Bradley, at the time, was far busier navigating the politics of Egyptian football than those of Egyptian society. It was a story of unclear lines of responsibility, competing agendas, and glaring inefficiencies. The board members atop the EFA were a collection of largely Mubarak-appointed businessmen, doctors, and engineers. Their agendas behind pushing for a particular game or a certain appointment were often opaque to Bradley and his staff. Bradley had a close relationship with the chairman, Zaher, but grew frustrated with how slowly things moved under his stewardship. Many in Bradley’s staff considered the federation downright unprofessional.

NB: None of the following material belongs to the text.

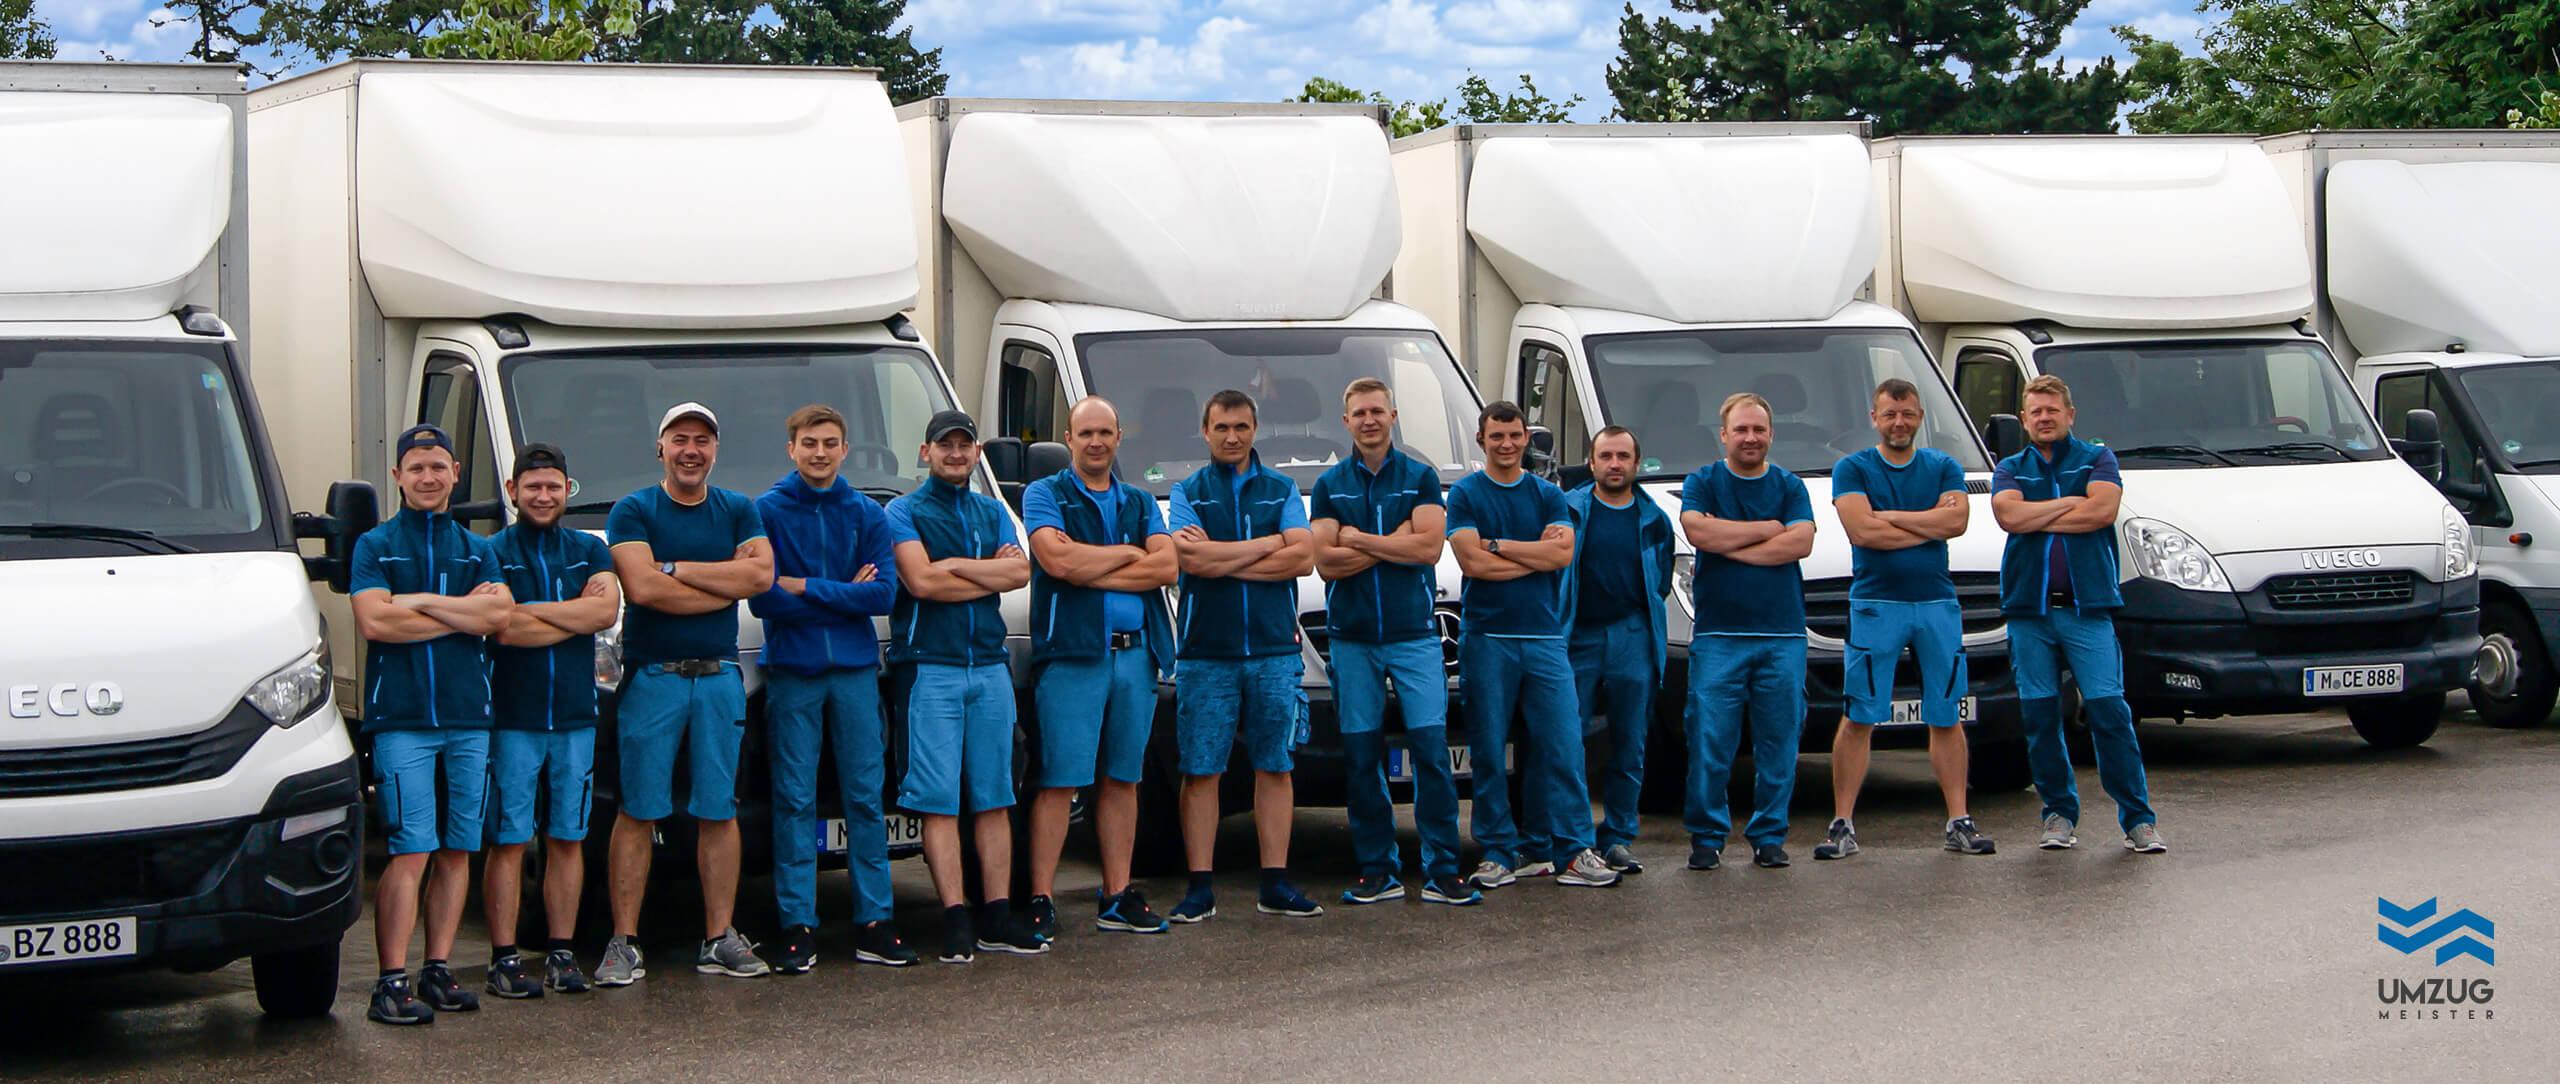 Umzug München - Teamfoto

Assurances one day could be disregarded the next. From the start, Bradley had insisted on bringing in the German fitness coach Tomasz Kaczmarek, who – having been promised the post – had already quit his job in Germany. The federation then reneged on its pledge. Board members insisted that Bradley consider the CVs of Egyptian trainers. Bradley wouldn’t budge and a stalemate ensued.

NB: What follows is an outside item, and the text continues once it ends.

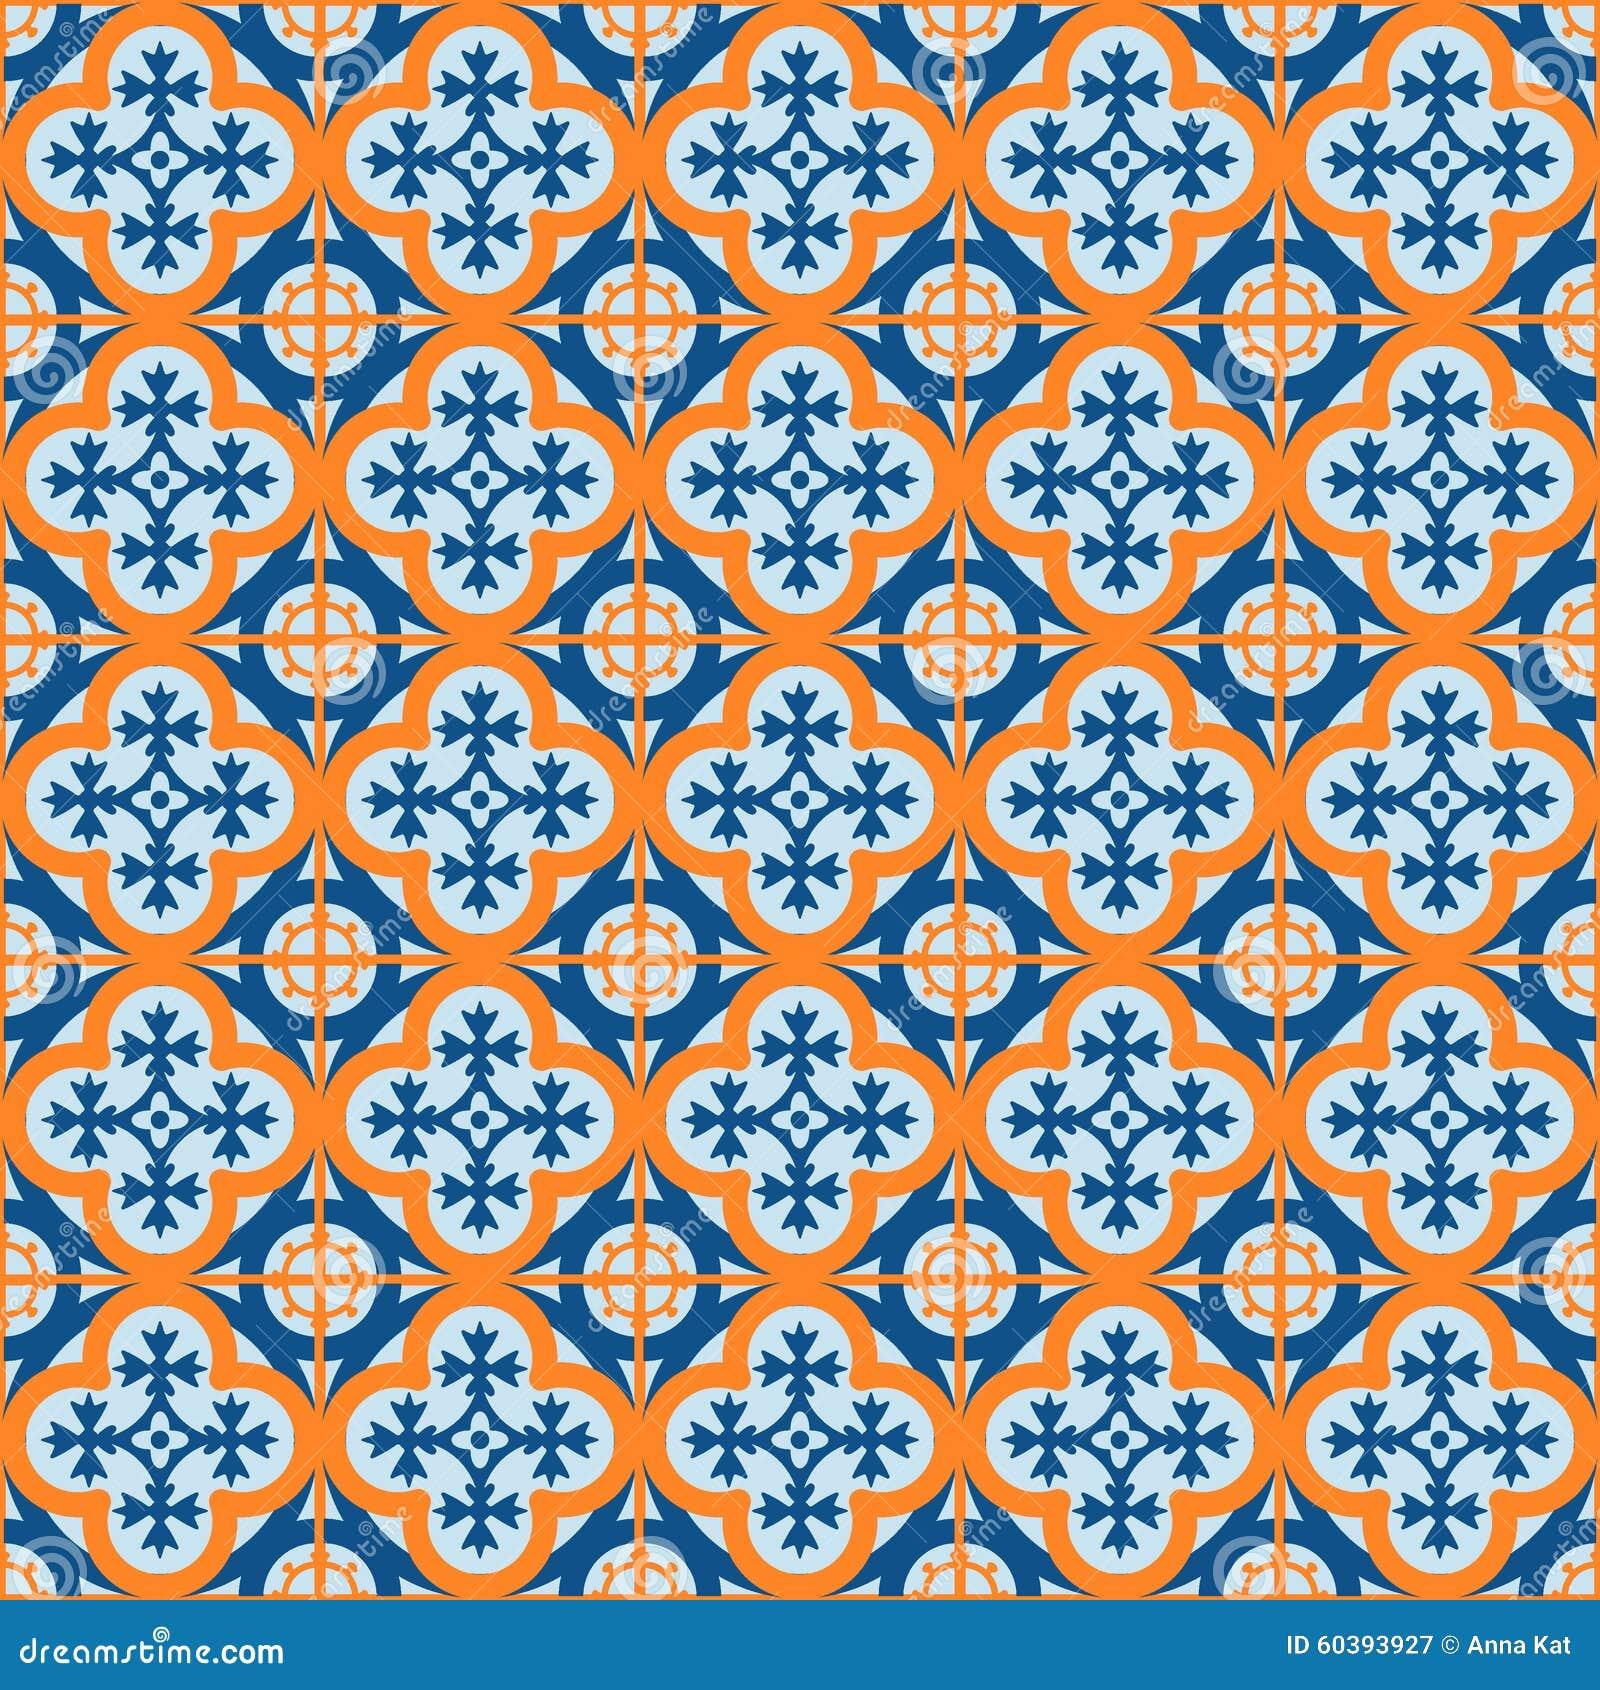 Marokkanische fliesen vektor abbildung bild 60393927 for Marokkanische fliesen

Then there was the schedule. National federations tend to operate within certain parameters set by FIFA, football’s global governing body, which sets aside days throughout the year for international matches. Domestic leagues schedule around those dates to avoid conflicts. The Egyptian federation, however, dances to its own tune. Egypt’s players returned from their mid-November friendly against Brazil (Bradley’s debut as coach) to a league suspended for an entire month to facilitate the Under-23 national team’s preparations for the final rounds of Olympic qualifying.
Grasping the intricacies of merely arranging an exhibition match was part of an extended education for Bradley in Egyptian bureaucracy and the internal politics of a game in which his fellow players – from board members to the Under-23 coach to the league coordinator – had years of experience. “For me, more than anything, there’s just been these types of things that you’re trying to get a feel for,” Bradley says. “Trying to get a sense if there is an opportunity to play a match and if it conflicts with the league schedule, will they change the league schedule? And when do you push for that and when do you not? So this was just the normal process.” He pauses. “Well, normal wouldn’t be the right word.”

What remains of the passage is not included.